Interestingly, the H. sinensis remains appear to have been beheaded as part of a ritual. Perhaps even more interestingly, the individual shares skull features both with gharials and with other crocodilians. 

“I have studied modern crocodilians for years, but even though it’s extinct, Hanyusuchus sinensis is by far the most astonishing creature I’ve ever seen,” said study co-author Professor Jun Liu from Hefei University of Technology in China.

“Everyone is familiar with sharp-nosed crocodiles and blunt-nosed alligators, but may be less familiar with a third kind of modern crocodilian called gharials that have much longer and thinner skulls. Hanyusuchus sinensis is a type of gharial, but what’s exciting is how it also shares some important skull features with the rest of the crocodilians.”

“This is significant as it could settle a decades-long debate about how, when and in what way crocodilians evolved into the three families still roaming the Earth today.”
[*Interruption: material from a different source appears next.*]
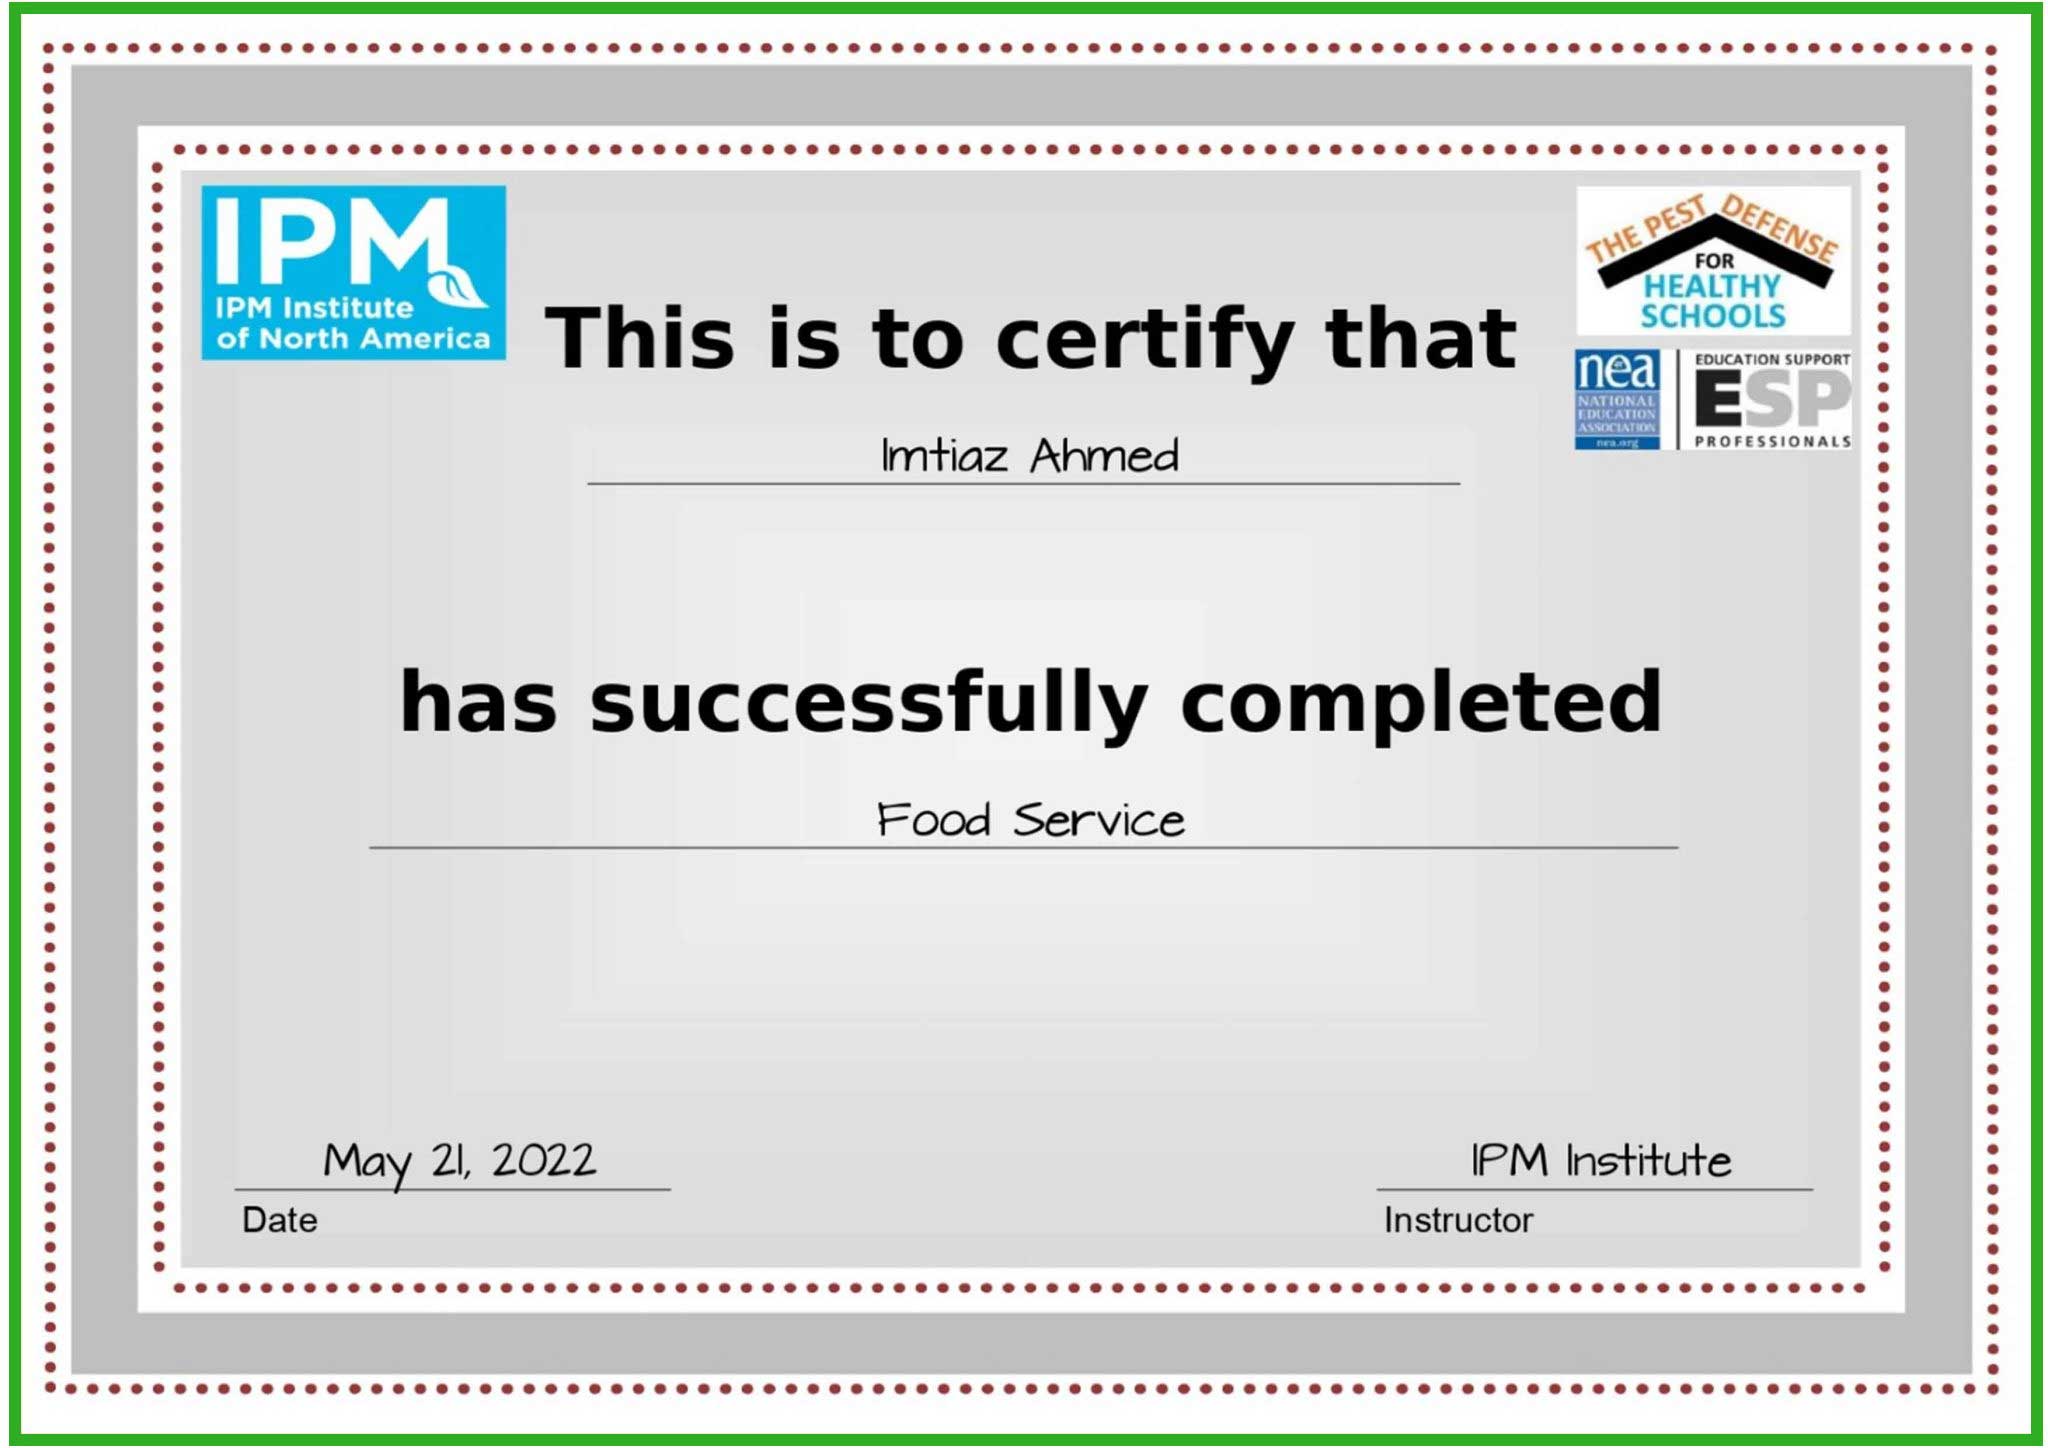 IPM Institute of North America Pestinil Certifications

The marks of human violence on the two subfossils indicate that they were driven to extinction by an expanding human population. The researchers believe that the crocodilians may have also left scars on the culture of China. Stories of dragons, and other cultural elements may have been inspired by the crocodilians people feared and even wiped from the Earth.  

The study is published in the journal Proceedings of the Royal Society B Biological Sciences.